AdSenseのアンカー広告がCLSを悪化させていた
運営中のサイトで AdSense の自動広告をオンにしているのですが、アンカー広告が CLS(Cumulative Layout Shift)を悪化させていました。CLS を含む Core Web Vitals(コアウェブバイタル)は、Google の検索順位に影響するため改善したいです。
CLS を改善するためには、アンカー広告をオフにするか、アンカー広告を下部にのみ表示させる対応が必要になります。この記事では、アンカー広告をオフにするまでの顛末についてご説明します。
サーチコンソールのページエクスペリエンス「改善が必要」を消したい
コアウェブバイタル対応として WordPress テーマを修正し、LCP/FID については十分に速度を確保できました。CLS についても画像のサイズを明示するなどの対応を実施し、Lighthouse で計測して CLS がゼロと表示されるところまで漕ぎ着けました。
しかし、Lighthouse では CLS がゼロなのにもかかわらず、Google サーチコンソールでは CLS が 0.15 前後のまま減りません。「改善が必要」のままです。
コアウェブバイタルが検索順位に与える影響は小さいらしいですが、改善が必要と言われ続けるのは気になりますよね。対応したいところです。
PageSpeedInsights のラボデータとフィールドデータの結果が一致しない
PageSpeedInsights で Core Web Vitals を計測してみると、ラボデータ(推定値)の CLS はゼロと表示されます。
しかし、フィールドデータ(実測値)では CLS が 0.15 前後と黄色信号になっています。この数値はサーチコンソールの CLS の数値と一致します。
ラボデータとは、計測を行なったとき指定の URL を読み込んだ結果から作成した推定値です。フィールドデータとは、実際にたくさんのユーザーがページを表示したときに計測された実測値です。
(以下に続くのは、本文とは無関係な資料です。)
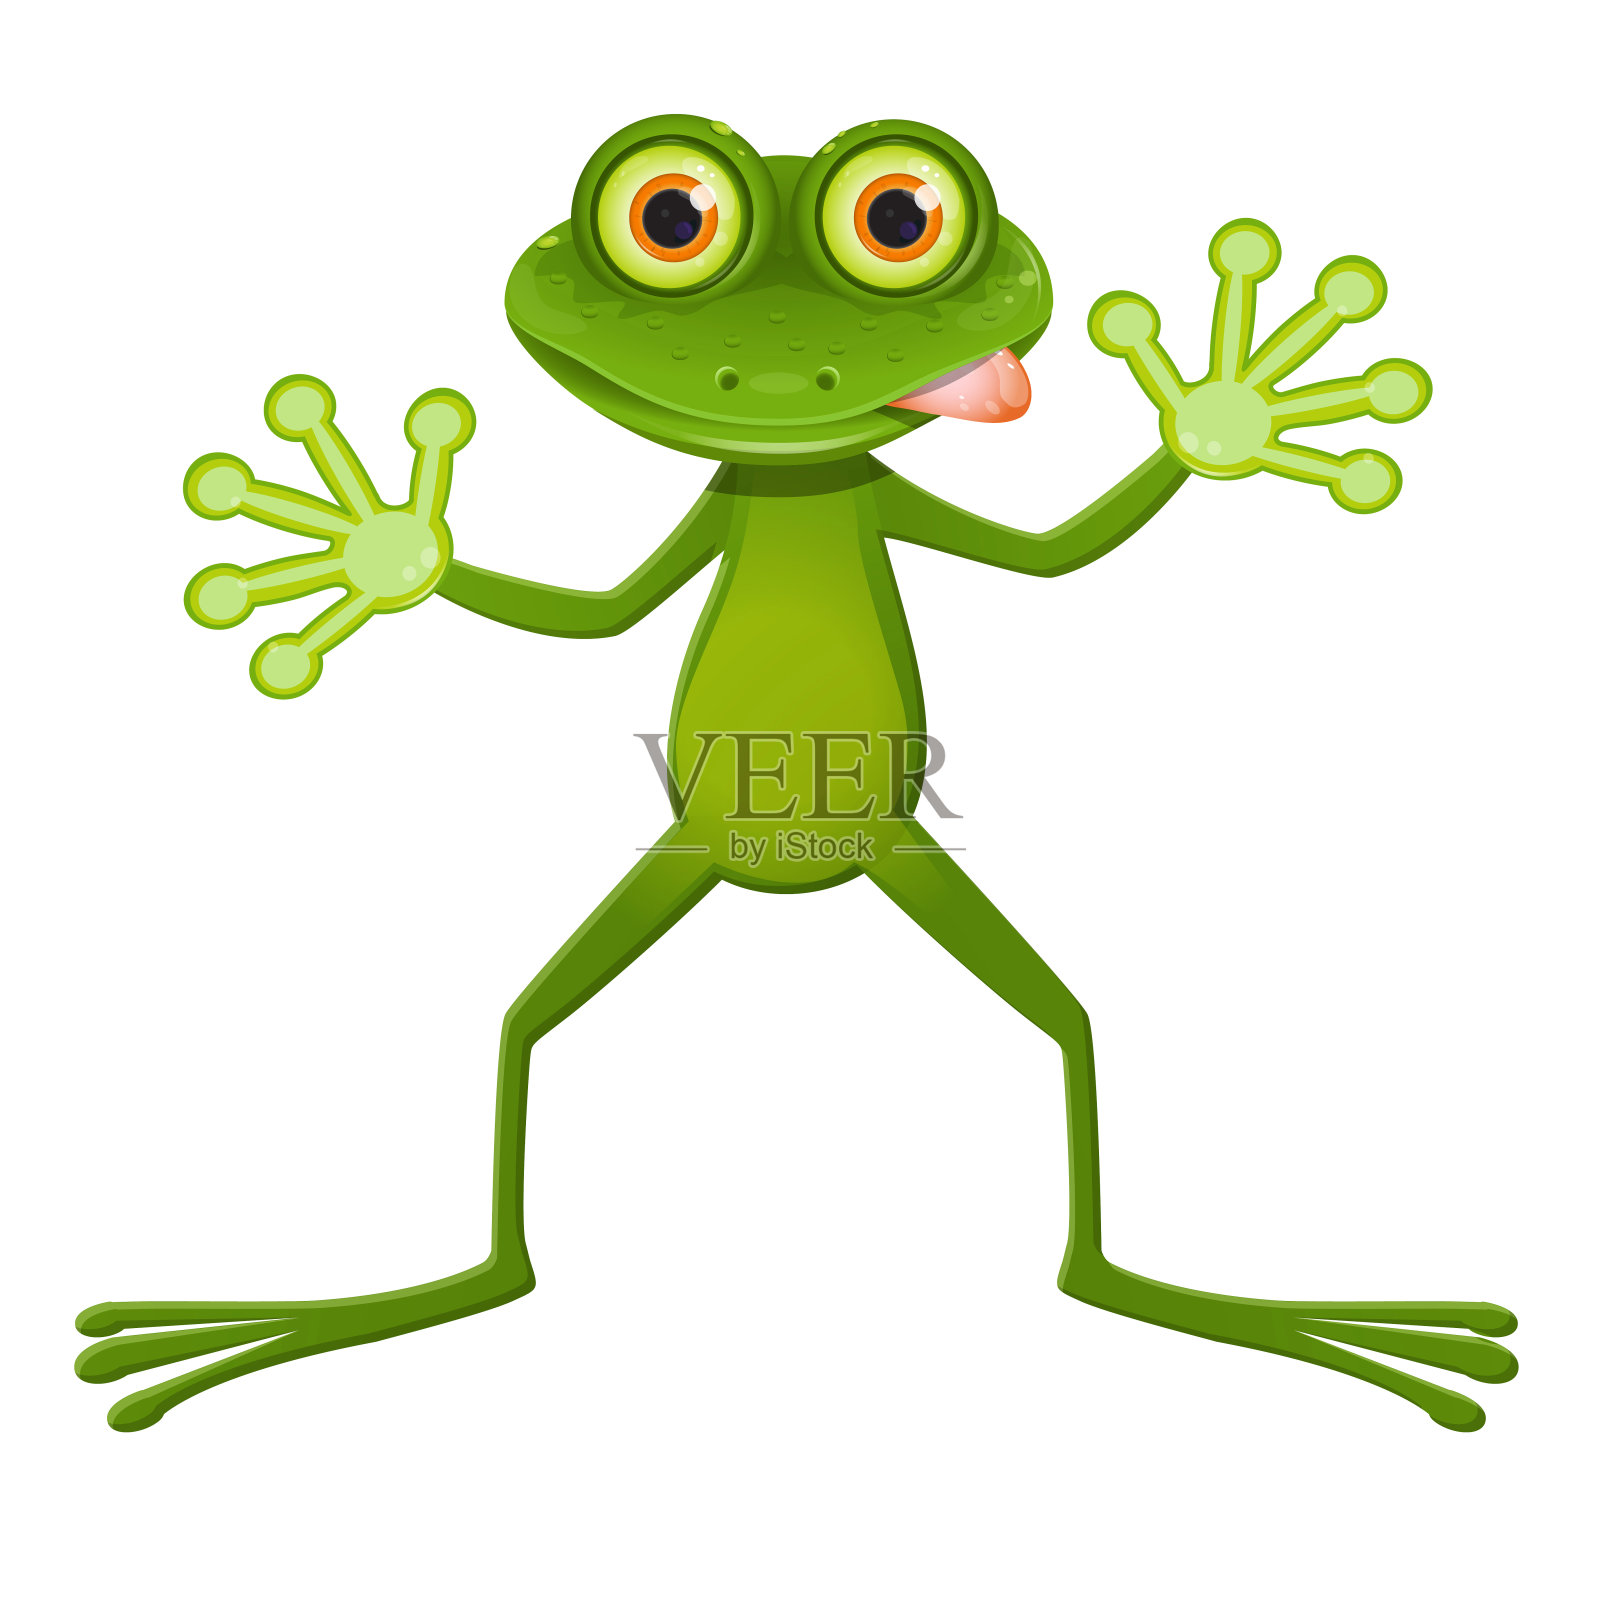 突眼的青蛙插画图片素材

なので、フィールドデータが改善されなければ意味がありません。Google サーチコンソールの「ページエクスペリエンス」の判断基準として使われているのもフィールドデータだと思います。
モバイル版のみで悪化する原因はアンカー広告?
改善が必要なのはモバイル版のみで、PC 版はすべて良好 URL です。
なぜ CLS がモバイル版のみ要改善なのか考えつつ Chrome でパフォーマンス計測などやってみたところ、アンカー広告が原因ではないかという仮説が出てきました。
アンカー広告はモバイル版でのみ表示されます。そして、広告が読み込まれたタイミングで画面全体が動くため、CLS が悪化している可能性があります。
ラボデータで CLS が 0 になるのは、おそらくアンカー広告が遅れて表示される時点まで評価できていないのではと考えました。
アンカー広告を下部表示にするかオフにするか
アンカー広告は下部に表示できます。Google AdSense ヘルプページに記載があり、広告コードを修正すれば OK です。
しかし、AdSense の広告コードは 2021 年 7 月に新しくなっており、新しい広告コードでアンカー広告を下部表示する方法については探しても見つかりませんでした。
このたび Google は、新しいバージョンの AdSense コードをリリースしました。この新しい AdSense コードを使用すると、AdSense で最適化機能がトリガーされるタイミングが従来よりも早くなるため、サイトに掲載された広告のパフォーマンスが向上します。新しい広告コードは、自動広告と広告ユニッ トの両方に対応しています。
新しい広告コードに差し替えることで広告のパフォーマンスアップが見込めるなら、古い広告コードに戻すのは微妙な印象です。
また、アンカー広告を使わないように変更するのは AdSense の管理画面からオフにするだけで簡単。更に、もしアンカー広告をオフにしても CLS が改善しない場合、元に戻すのも手間がかかりません。
アンカー広告は、CLS を悪化させている可能性あり
アンカー広告をオフにしてしばらく待っていたところ、無事にサーチコンソールから「改善が必要」の表示が消えました。
PageSpeedInsights の計測結果を見ても、フィールドデータの CLS が 0.13 -> 0.09 と大幅に改善しています。
ただし、アンカー広告が CLS へ常に悪影響を与えるかどうかは断定できません。サイトの HTML や JavaScript、WordPress であればどのテーマを使っているかによって変わる可能性があります。
アンカー広告をオフにするのは、サイトのパフォーマンスを Chrome で観察してからにしたほうが良いと思います。